Today Daniel is acting as an extra in filming for the movie Bubble Trubble. He had to wear "adult business attire" and come down to Open Square in Holyoke at 9am this morning. It's cold out and much of the time he's just sitting or standing around. Luckily, he doesn't have to spend all the time outside -- there's a nice cafe inside with coffee (and brownies and hot dogs and chips, and everything else to tempt a little boy). And it also has a wireless connection.
It's funny to see the all the kids. There are 30-40 kids all walking around wearing business suits. It plays tricks with your mind to see little kids wearing adult clothes. Sometimes they act like adults, which plays with your mind one way and sometimes they act like little kids which plays with your mind a completely different way.
I've brought my camera and I'm taking a lot of pictures -- I'll post some later.
I also have wandered around Open Square a bit taking pictures. Its a place I had potentially suggested for Esperanto-USA to move to. Not that I think they will.
I've been checking periodically to see if Muppyville shows up as "categorized" in SurfControl. We had submitted it about a week ago.

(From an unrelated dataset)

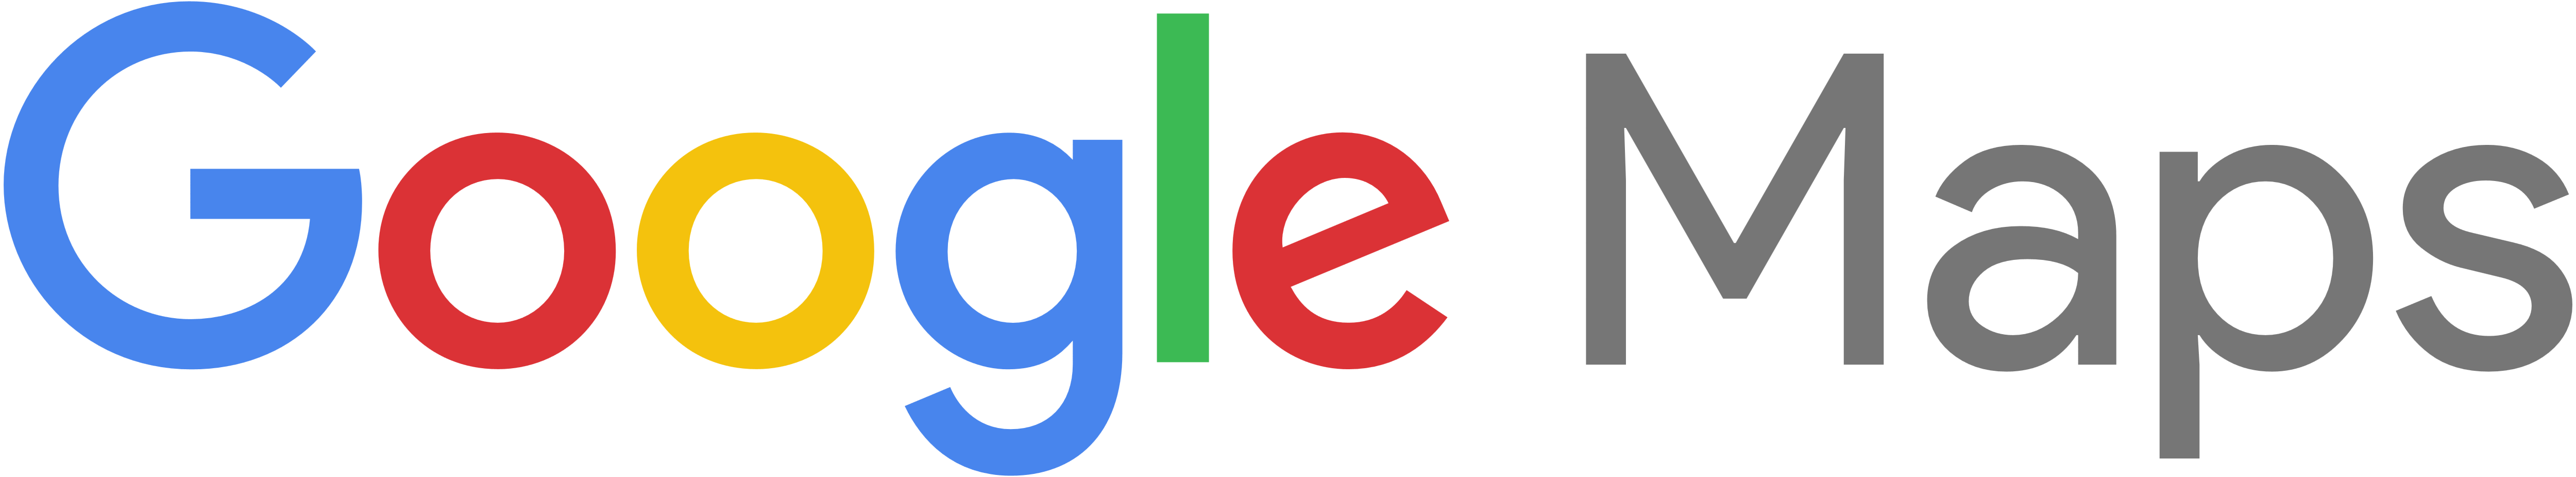 Official Google Maps Logo - LogoDix

I was beginning to suspect they wouldn't categorize it, because all you can see when you go to the page is the login screen. But they did! Muppyville is now categorized as "Computing and Internet". Is there any page on the Internet that you look at with a computer that couldn't be categorized as "Computing and Internet"? Oh well.
So, I originally contacted ARPS about Muppville on a Friday and then poked them on the following Wednesday. And I got a reply later that same day. Jerry Champagne took umbrage with the suggestion that he makes curriculum decisions saying, "There are other staff members tasked with those responsibilities" and promising to forward my email to them. He also didn't like my description of their internet filtering as "draconian censorship", preferring the term "protecting students". Who are they protecting the students from? Their own teachers!
I will acknowledge that balancing the interests of students, parents, and the school establishment is a complex problem. Personally, I think that the Internet is among the greatest triumphs of human achievement and the fact that students are blocked off from most of it is another example of how school serves as a form of social violence practiced against the young. People who are afraid of what young people might see on the internet must not listen to what young people are saying to each other all the time (or read The Crux). And anything that students might see on the internet, might as easily be printed out and brought on paper to pass around, samizdat style. Rather than burying our children's heads in the sand, I think it would be much healthier if children (or, at least their parents, for you age-ists) were offered more control. Maybe children could sign a statement that they agree not to look at inappropriate material or to close windows containing inappropriate material if they accidentally encounter them in return for the ability to see the full extent of resources on the internet.
I think its a common problem that people think that technical solutions are appropriate when, if you thought about them in the real world, you'd see that it was a terrible idea. Imagine if we made students wear goggles that filtered out from their vision anything that hadn't been explicitly approved. Would we think that was a good idea? Remember, with a system that only lets you see white-listed things, it filters out *most* of the world -- even though *most* of the world isn't a problem. You can see the tree on the school campus, but you can't see most other trees. You can see the Jones Library and the Amherst Cinema, but you can't see Antonio's Pizza or the Fiber Arts Center. You especially can't see things that are relatively unknown, like the page for Amherst Esperanto.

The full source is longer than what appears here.